Communicating a data element in a way that does not identify the format of the element comprises creating an identifier specifying the format of the data element, inserting the identifier as part of the data element, and transmitting the data element and identifier. In addition communicating a data element in a way that does not identify the format of the element may include receiving the data element, extracting a separate identifier that specifies the format of the data element, and processing the data using the identifier.

Description

    RELATED APPLICATIONS
  • Under provisions of 35 U.S.C. § 119(e), Applicant claims the benefit of U.S. provisional application No. 60/465,899, filed Apr. 28, 2003, which is incorporated herein by reference.[0001]
  • TECHNICAL FIELD
  • The present invention relates to the field of sending and receiving data over a network. More particularly, the present invention relates to creation and analysis of data sent over a network. [0002]
  • BACKGROUND INFORMATION
  • Data sent through a network may comprise an Internet web page, for example, written in Hypertext Markup Language (HTML). The data in HTML format may be used by a program, referred to as a web browser that displays the web page described in the data. HTML uses tags (codes) embedded in the data that may define the page layout, fonts, and graphic elements as well as the hypertext links to other documents on the Internet. [0003]
  • As an alternative to HTML, extensible markup language (XML) may be used. XML uses a similar tag structure as HTML, however, whereas HTML defines how the elements are displayed, XML defines what the elements contain. While, HTML uses predefined tags, XML allows the tags to be defined by the developer of the page. Thus, virtually any data items, for example, a product, a sales rep, or an amount due, can be identified, allowing web pages to function like database records. By providing a common method for identifying data, XML may support business-to-business transactions and may become an important format for electronic data interchange. [0004]
  • In order to perform this self-defining function, XML includes meta-data (data that describes other data), in the form of an XML schema that defines XML tags. The schema may define the content type as well as name, but specifies neither semantics nor a tag set. In other words, XML provides meta-data to define tags and the structural relationships between them. Since there is no predefined tag set, XML does not include any preconceived semantics. [0005]
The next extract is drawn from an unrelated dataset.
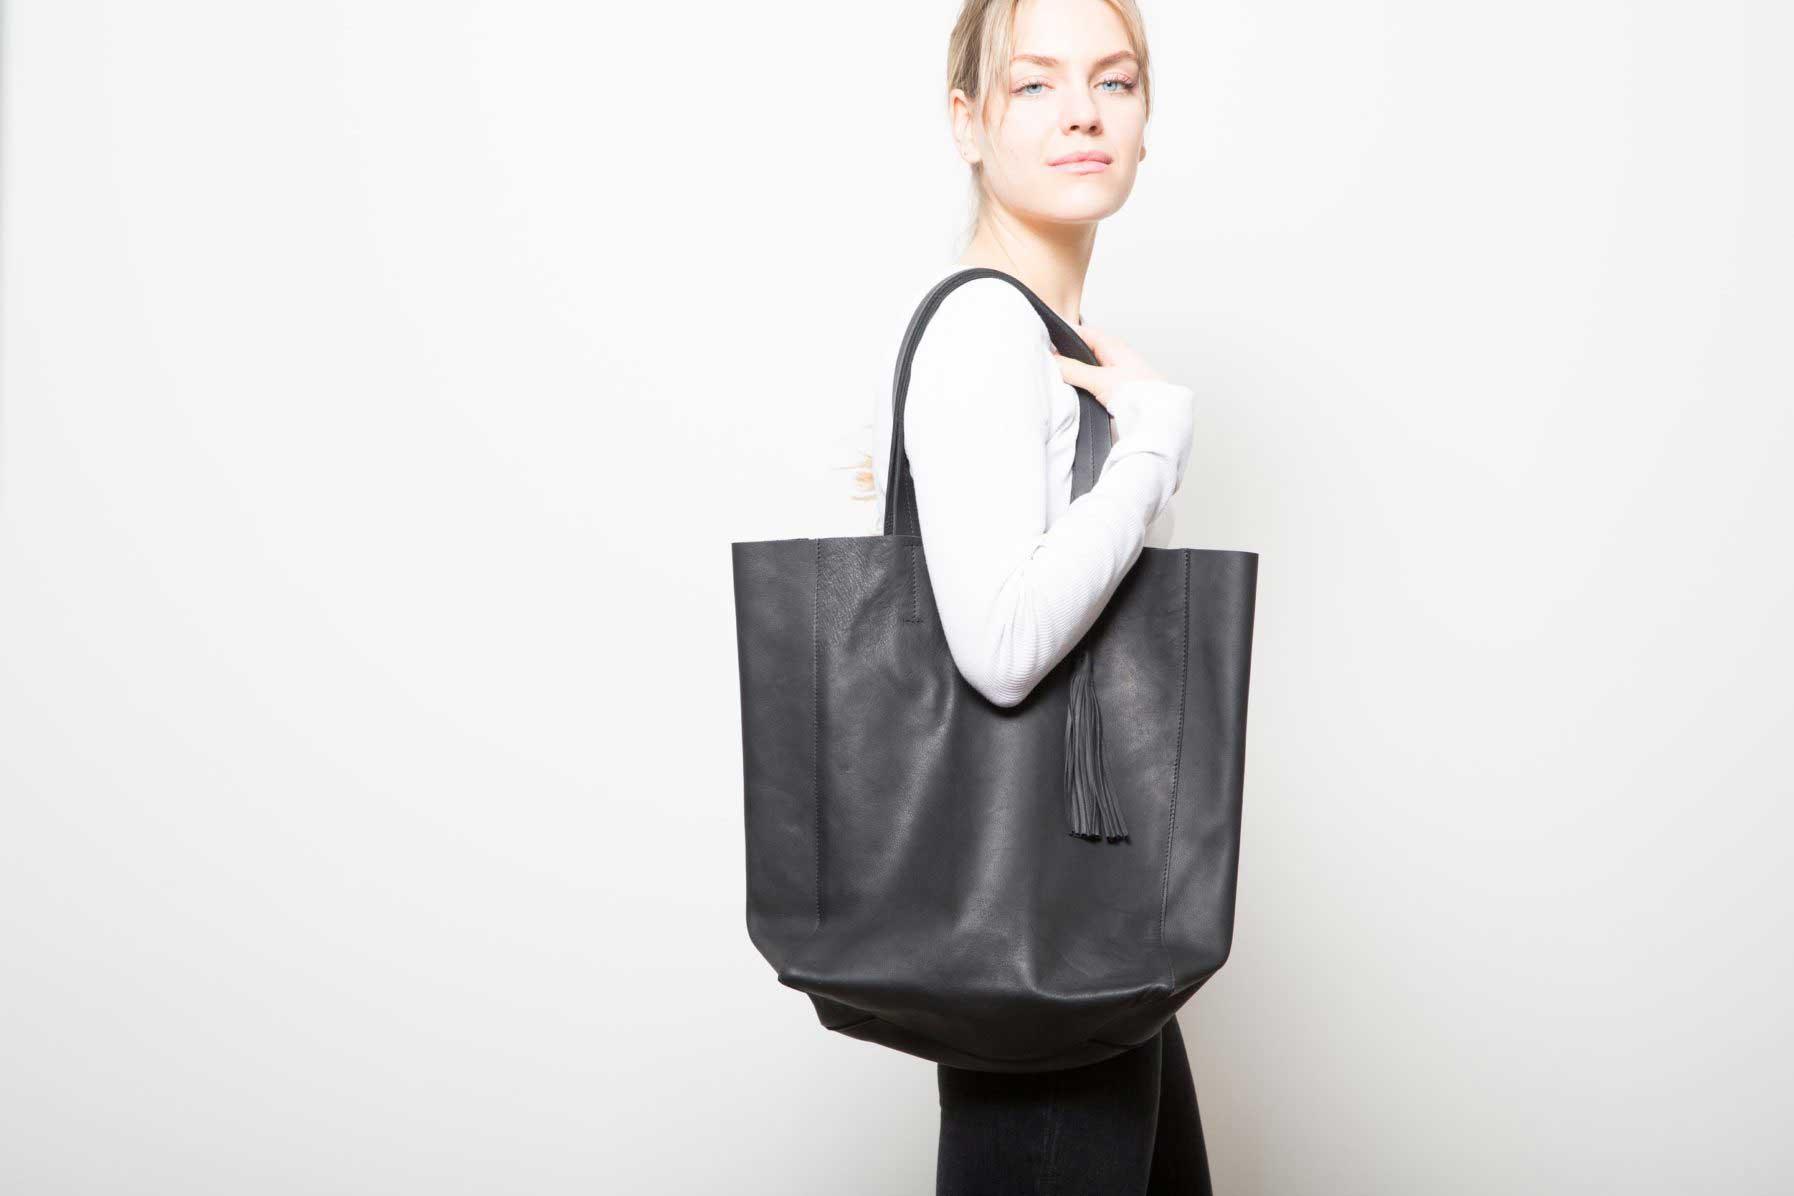 Grand sac Shopper Cuir Noir porté de profil - ordinari.shop

  • As an alternative to XML, abstract syntax notation 1 (ASN.1), an international standard for classifying data structures, may be used for communicating over a network. Within ASN. 1, there are 27 data types with tag values starting with 1, for example: Boolean (1); integer (2); and bit string (3). ASN.1 is widely used in ground and cellular telecommunications as well as aviation. Furthermore, ASN.1 uses additional rules to lay out the physical data, the primary set being the basic encoding rules (BERs). Additional rules include, distinguished encoding rules (DER), used for encrypted applications, canonical encoding rules (CER), a DER derivative that is not widely used, and packed encoding rules (PER), that result in the fewest number of bytes. [0006]
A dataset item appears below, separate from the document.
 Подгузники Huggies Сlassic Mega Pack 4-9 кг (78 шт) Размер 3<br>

  • SUMMARY OF THE INVENTION
  • Consistent with the present invention, a method for communicating a data element in a way that does not identify the format of the element comprises creating an identifier specifying the format of the data element, inserting the identifier as part of the data element, and transmitting the data element and identifier. [0007]
  • In another aspect, a method for communicating a data element in a way that does not identify the format of the element comprises receiving the data element, extracting a separate identifier that specifies the format of the data element, and processing the data using the identifier. [0008]
  • Both the foregoing summary and the following detailed description are merely exemplary. They do not limit the scope of the invention which the attached claims delineate.[0009]
  • BRIEF DESCRIPTION OF THE DRAWINGS
  • The accompanying drawings show exemplary embodiments of the claimed invention. In the drawings: [0010]
  • FIG. 1 is a functional block diagram of a system for communicating over a network consistent with the present invention; [0011]
  • FIG. 2 is a flow chart of a method for communicating over a network consistent with the present invention; and [0012]
  • FIG. 3 is a flow chart of a subroutine used in the method of FIG. 2 for creating a unique identifier. [0013]
  • DETAILED DESCRIPTION
  • Reference will now be made to various embodiments consistent with this invention, examples of which are shown in the accompanying drawings and will be obvious from the description of the invention. In the drawings, the same reference numbers represent the same or similar elements in the different drawings unless specified otherwise. [0014]
  • FIG. 1 shows a [0015] system 100 for communicating over a network consistent with this invention. System 100 includes a sender computer 110, a recipient computer 115, and a network 120. Either sender computer 110, recipient computer 115 can contain a component for creating a unique identifier and a component for sending the data element through the network.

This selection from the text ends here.